Judge orders public safety boss to talk in Easley case

RALEIGH

Lawyers want to ask Young - who served as Easley's chief legal advisor - what he knows about claims that emails related to public business were ordered destroyed while Easley was in office.

In 2008, media organizations sued Easley and four top aides for access to messages to and from Easley's office after spokeswoman Debbie Crane claimed the Governor's office told public information officers to routinely delete emails. She was later fired.

By law, emails about public business are public record.

Depositions given to ABC11 earlier this year by the John Locke Foundation - one of the parties to the lawsuit - showed Easley used a secret email account with a clandestine address - the name of fictional private investigator Nick Danger spelled backwards.

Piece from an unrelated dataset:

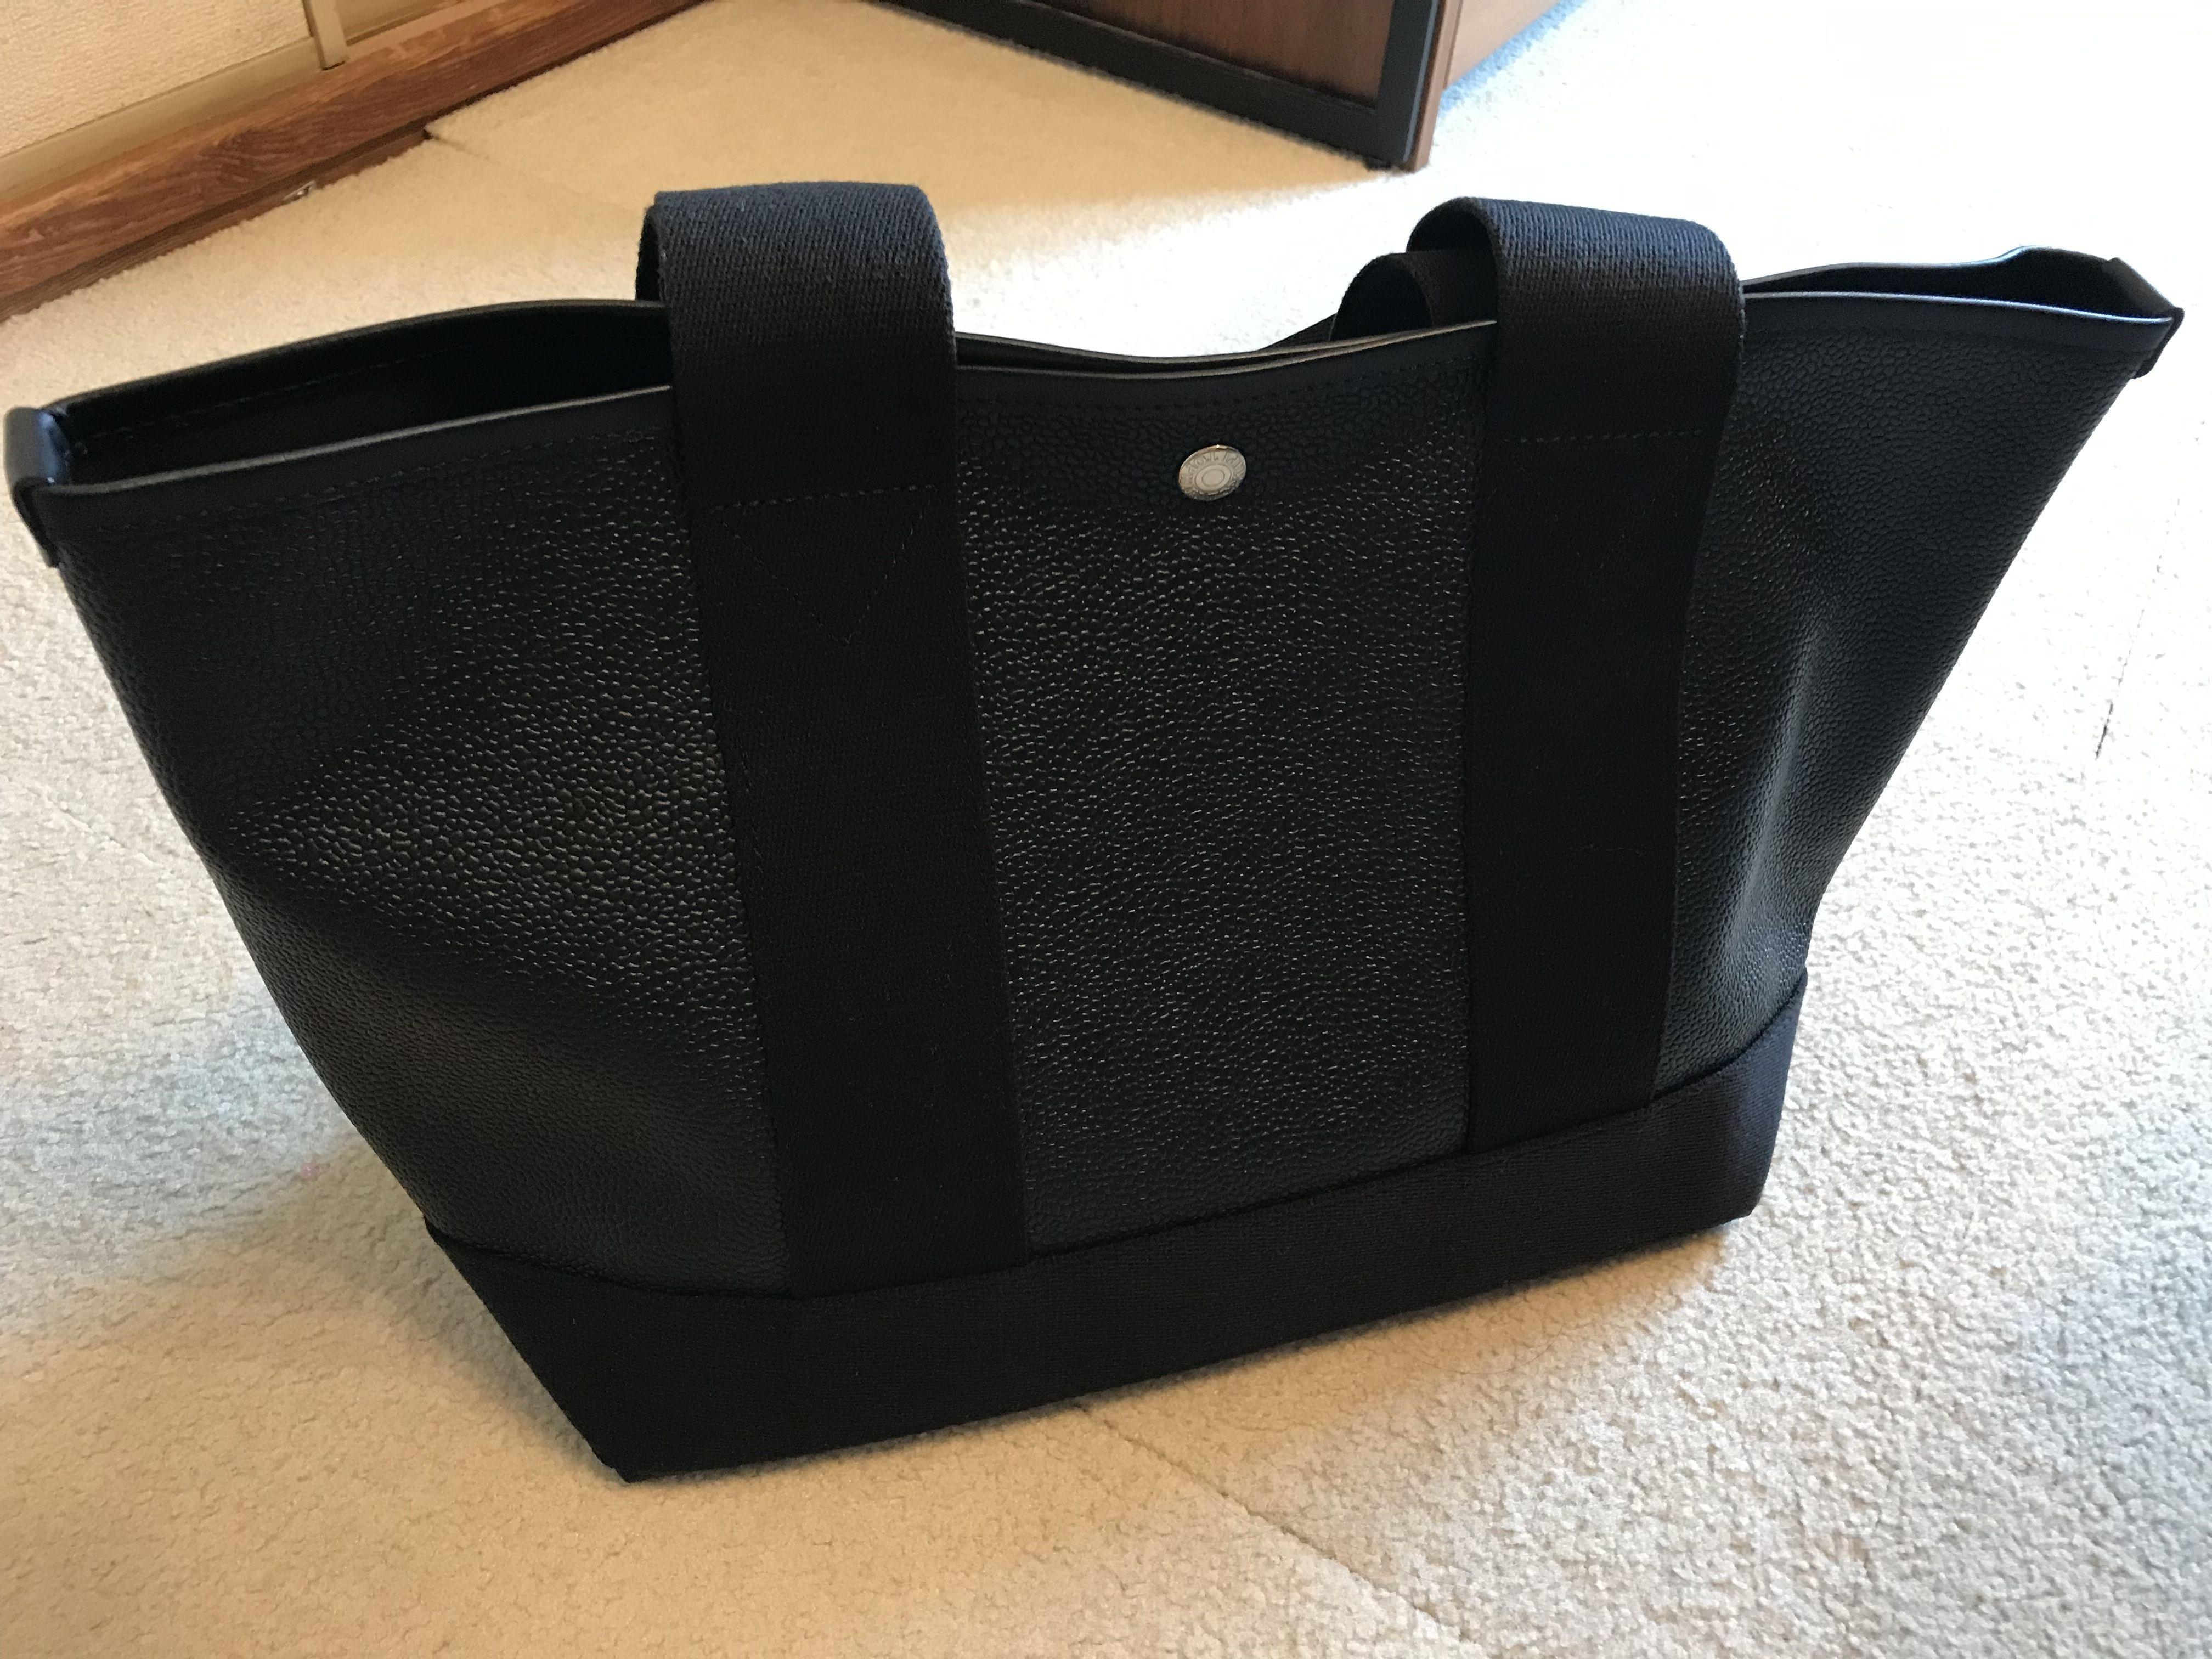 トプカピのトートバッグ | 暮らしの道具帖 - 楽天ブログ

Sherri Johnson, a former Easley communications director, said the governor had the email account that he used for state business.

The email address, '"kcinregnad," was the reverse of the name of a fictional detective dreamed up by a comedy troupe in the 1960s. The idea apparently had something to do with a learning disability. Easley has been rumored for years to have dyslexia.

In her deposition, Cari Boyce, a former communications director for Easley, said the governor was the only state official she knew of that used a private email address to conduct state business.

Easley officials also testified they were instructed to use the phone for sensitive issues rather than email so there would be no record.

The state has sought to dismiss the lawsuit, but Judge Howard Manning said he first wanted to hear all the depositions.